Thursday, 21 March 2013

Egret regrets.

7pm Wednesday 20th, station 11 South of the Falklands

Well hello again! Things have been super busy. As we came down the continental slope we had lots of sampling stations really close together so we still have a huge backlog of samples to run through and are still collecting more. The CTD has a rosette of 24 big bottles which get opened at different depths to collect samples. When it gets up on deck we need to fill up big 2 L glass bottles from the CTD (there is a rather lengthy technique to avoid any contamination). This whole process takes a while and involves kneeling in freezing water on the deck and having freezing cold water running over your hands for a while. So I have some rather fetching X4s which are big orange padded dungarees and coat. Plus my fur lined steel toe-cap wellies and bright yellow hard hat and I am basically the height of fashion!

So at each station we take samples from each of the bottles on the CTD and then several duplicates. We put the samples into big cool boxes filled with cold water and ice packs. We then have to move the cool boxes to another part of the deck and strap them down and take empty sample bottles back to the CTD area. We then run as many of the samples through the machine as we can before the next station. Running samples is fairly similar to what I described earlier with all the computers but you have to change bottles round, press valves at key moments and top up the liquid nitrogen. Luckily the computer makes silly noises when you have to do these things ('woof-woof' means change the sample)! But it takes a lot of concentration. I seriously hate having to do the liquid nitrogen. Pouring it from a big urn into a little trap on a moving ship is horrible, and then when you need to top up the urn it involves crossing the deck climbing over some barriers and through a couple of doors.... when you need two hands for the nitrogen and the ship is rolling.... totally shit. But no accidents yet! :P

I getting on well being on shift with Andy.... though I am even more convinced about what a 'big-picture' guy he is! He keeps forgetting the little details.... which can be pretty nerve wrecking because if you miss key stages everything might go boom! So mostly I run the machine and the sampling and let him get on with data analysis and being an important professor! Poor Ben is on the midnight to 8am shift. He has not managed to figure out his sleeping pattern yet and was a total mess when I came in this morning! But we usually manage to have a cuppa in the evening and the occasional game of darts (I think I am not actually much worse despite the heaving deck!). Unlike Andy most bigwigs stop coming on cruises as soon as they can so it is a pretty young crowd on this ship so no one is too jaded yet! Its quite social and chilled on the ship which is really nice.

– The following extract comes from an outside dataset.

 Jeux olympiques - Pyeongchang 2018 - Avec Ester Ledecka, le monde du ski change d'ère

The sea is rougher now. It has been really foggy today which has disrupted some of the other science done aboard. I think people have found it pretty frustrating just sitting around. There is a fair swell at the moment... and a swell of 10 meters forecast for tomorrow evening!!!! And Saturady is meant to be worse. Eeep! Luckily I am not feeling at all sick (well beyond the usual coeliac background) Gwen is feeling it a bit but no one is really too bad. Which is great! Fingers crossed it lasts through the bad weather! If it is like that then we probably won't be able to sample... but we won't be able to sleep either! I slept pretty badly last night. I kept trying to sleep on my side and then tumbling over as the ship rolled and waking up! I'll get used to sleeping on back soon though! And I have made sure nothing is loose in any of the drawers so we are not kept up with things rattling about the place!


What has been breaking my heart is that there is a wee flock of snowy egrets (though without the tuft?) which are following the ship. They turned up yesterday and must have been lost. They seem to be really struggling flying by the ship in the day and roosting on the deck at night. They are absolutely beautiful birds. It is heartbreaking because they will all die soon without fresh water etc. Apparently the local birds mob them too. Which seems unfair since the albatrosses/ shearwaters following the ship are sooooooo much bigger! Still amazed by that!

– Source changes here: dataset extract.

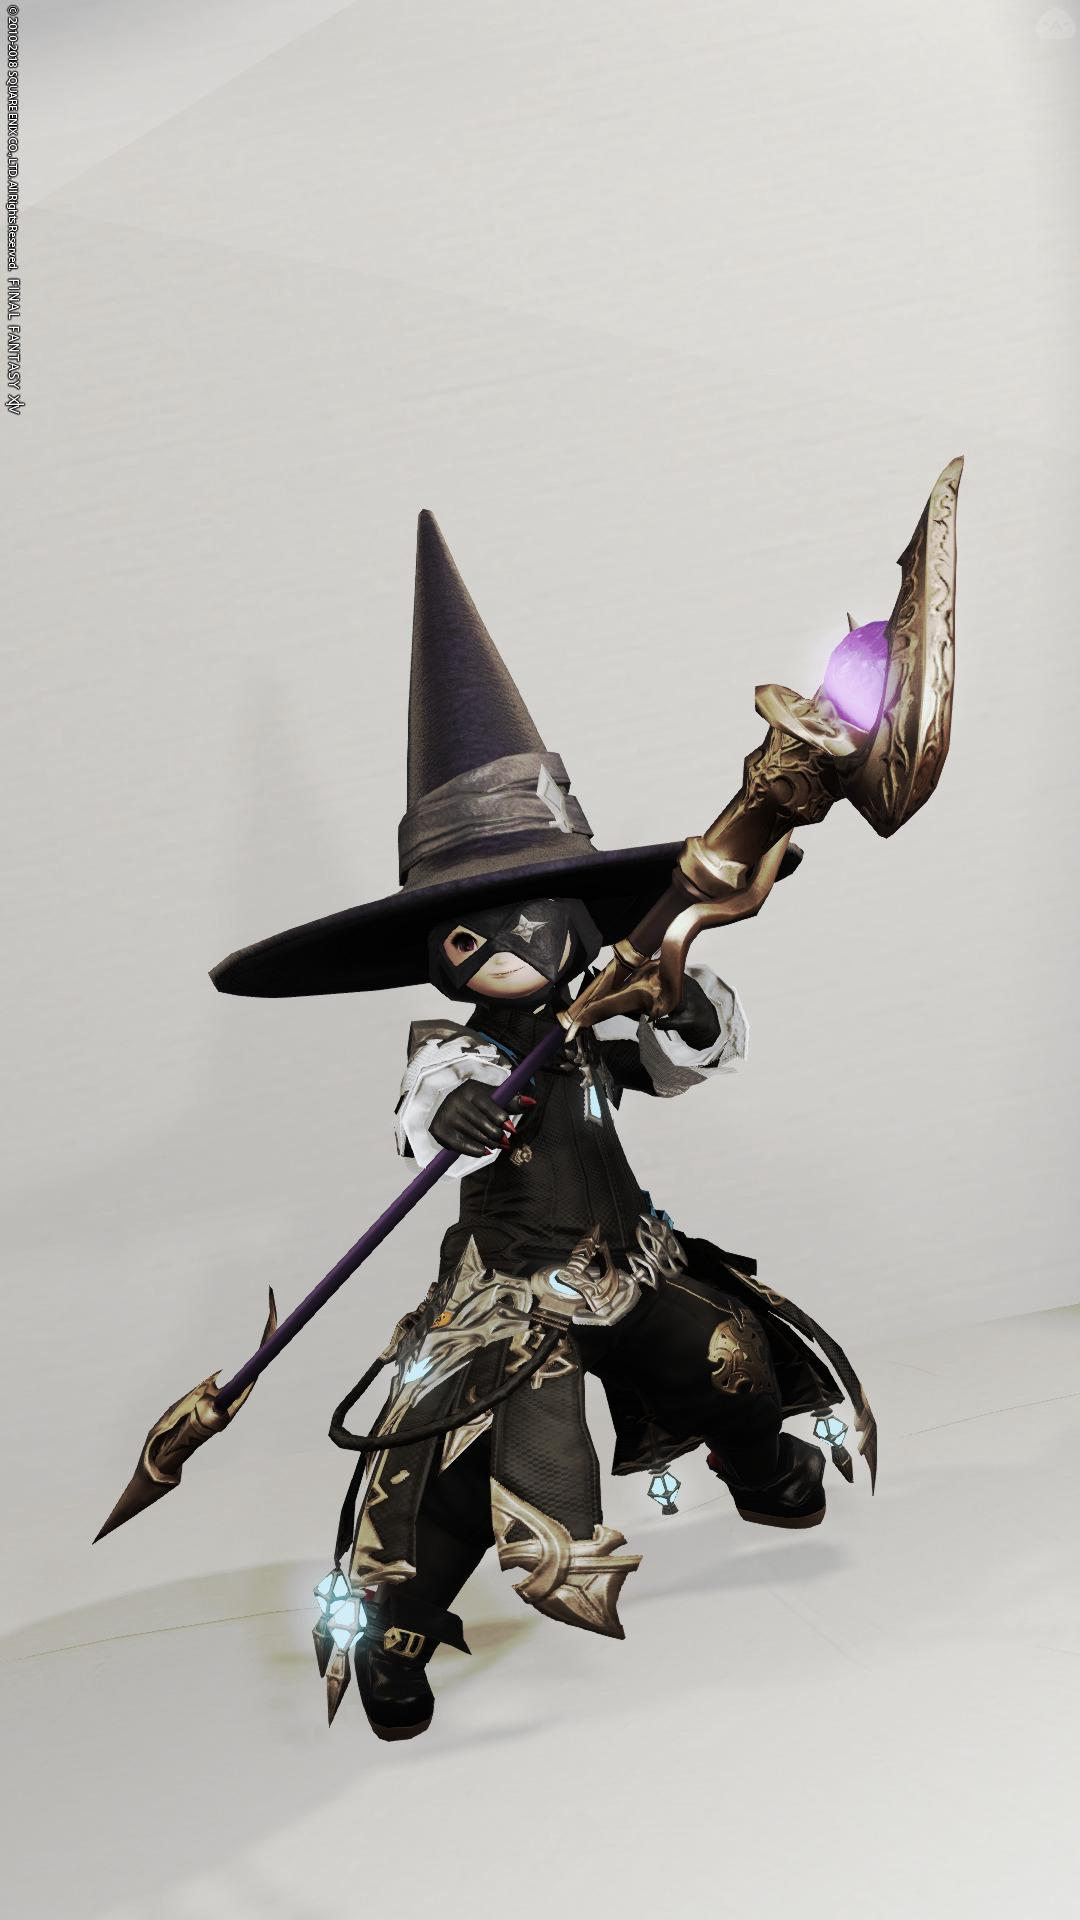 隠匿されし闇の魔術師
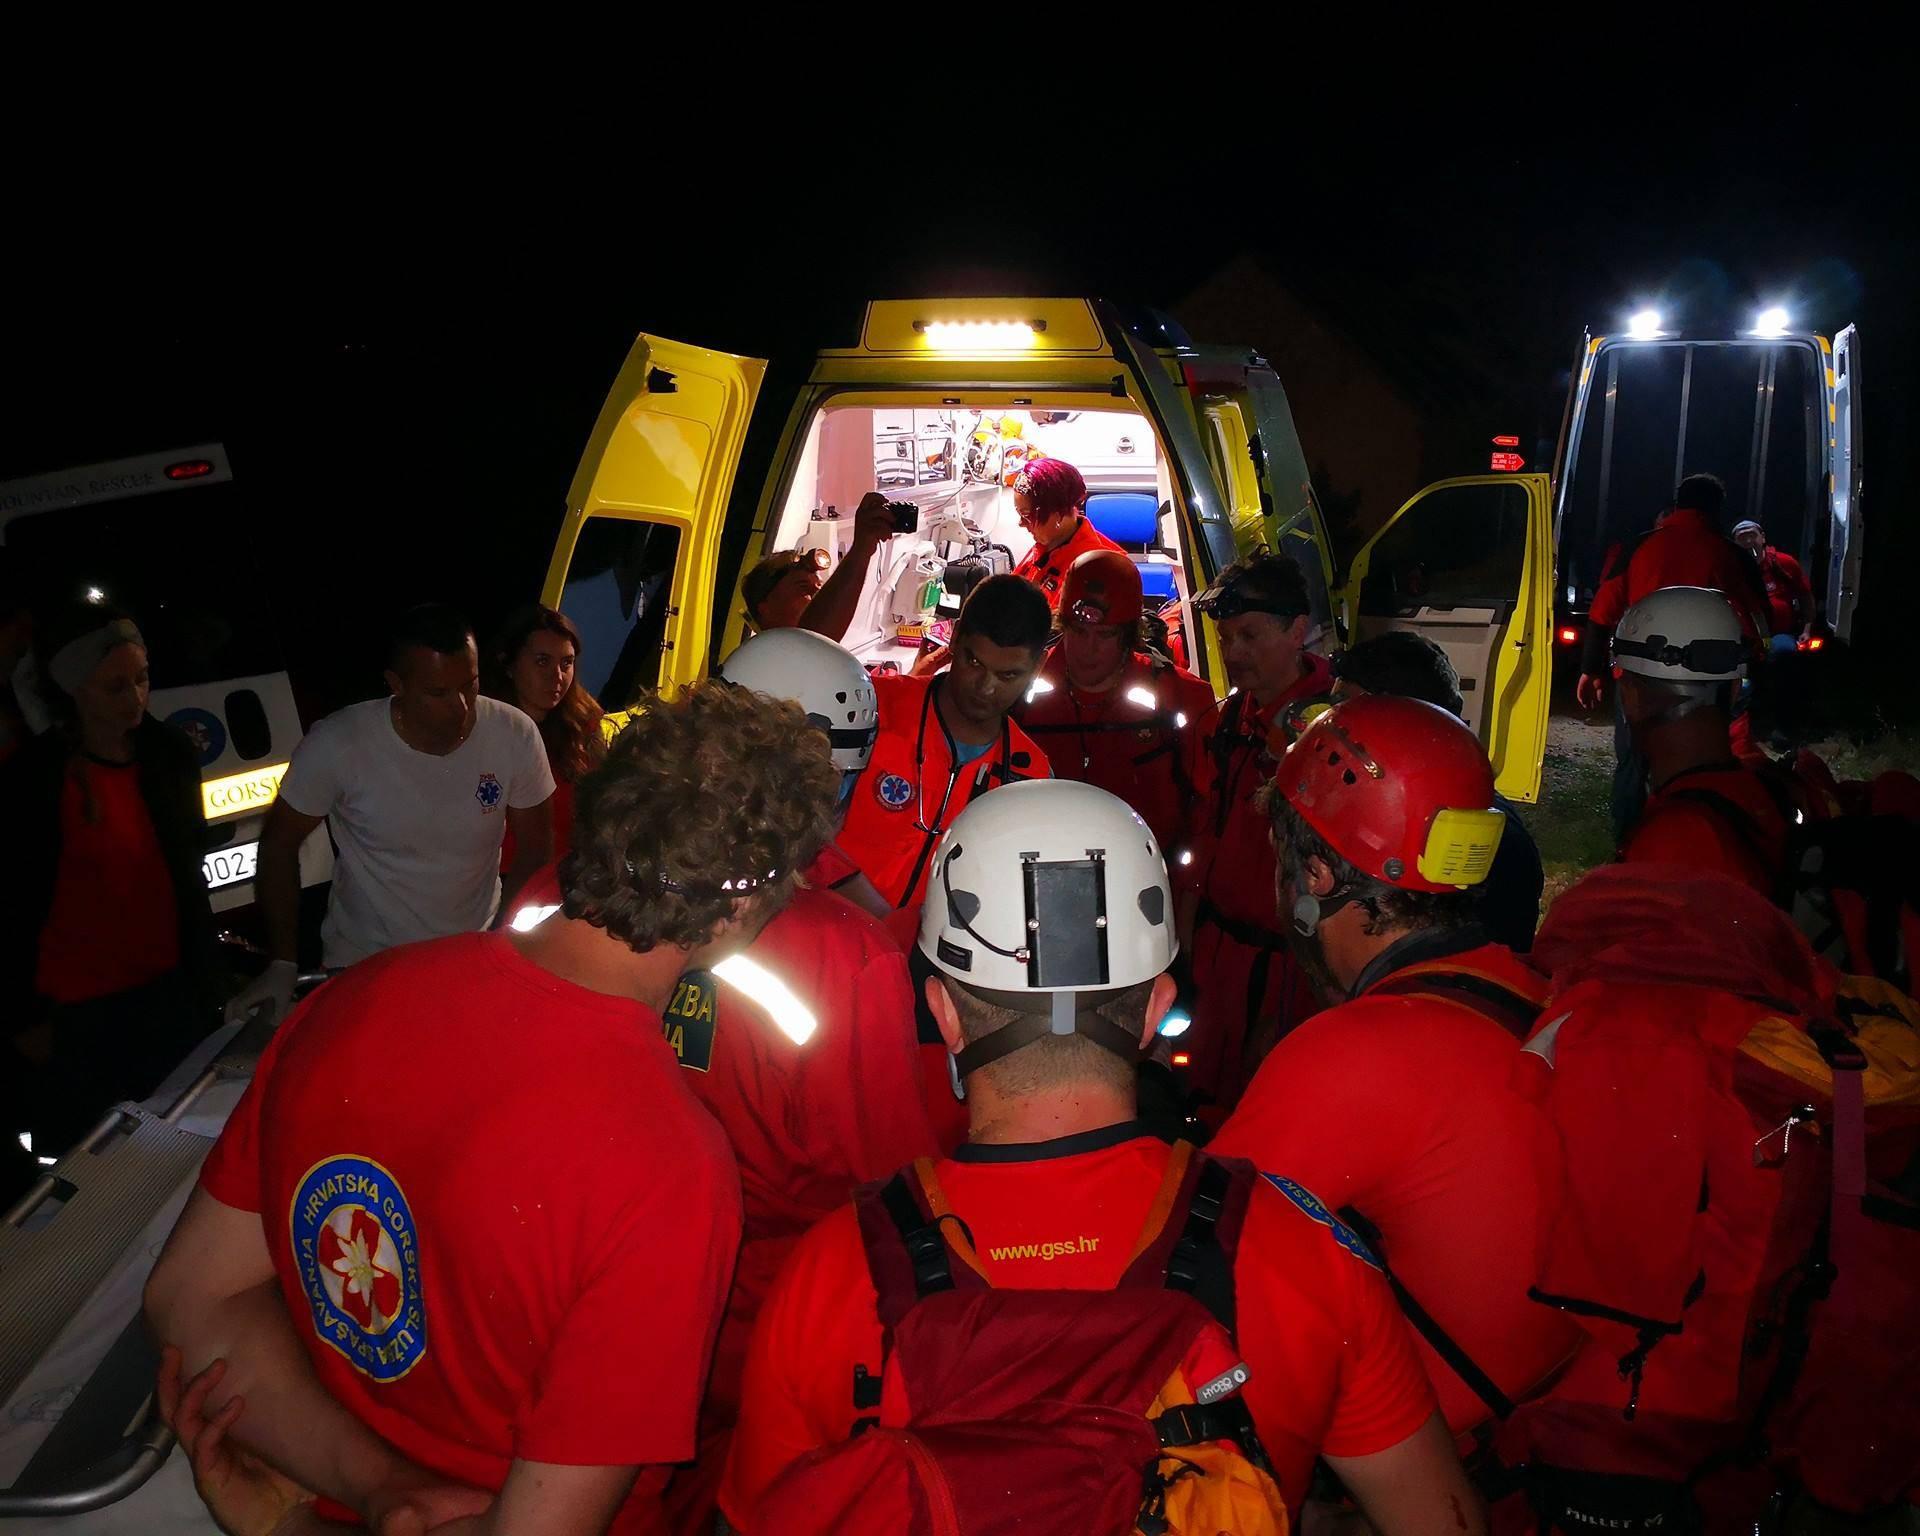 Našli izgubljeni par: Poljak pao, teško je ozlijedio glavu i nogu

So I had better go as there is CTD coming up now. Although I am on ship between 8am-4pm I help out if there is a CTD any time I am awake. But usually I go for being the clipboard person and oversee rather than actually getting too chilled.


Written 10.30pm

Just finfished the aforementioned CTD. It took a while but I quite like doing them at night as everything seems quiter and calmer. The swell was coming right up by the deck in big walls, and with all the lights on deck for sampling it looks like thick blue paint. Its not breaking over the side but sometimes it looks like a vertical wall above you. Pretty scary. But also amazing.

The poor wee egrets were all flying around in the lights desparetly trying to land somewhere and soon getting blown off. For a while they were all on top of the container lab. Unfortunately my camera was not to hand as it would have made a great photo! They are very beautiful in flight and all ruffled and hunched when perched. They have silly long legs that kind of wave about when they fly. Completely the wrong shape for here. Going to be really sad when they are gone.

One thing that is pretty rubbish about a late station is that I am now pretty wired from being on deck and lugging things about. But got to be up early so need to sleep. So I had better go and try!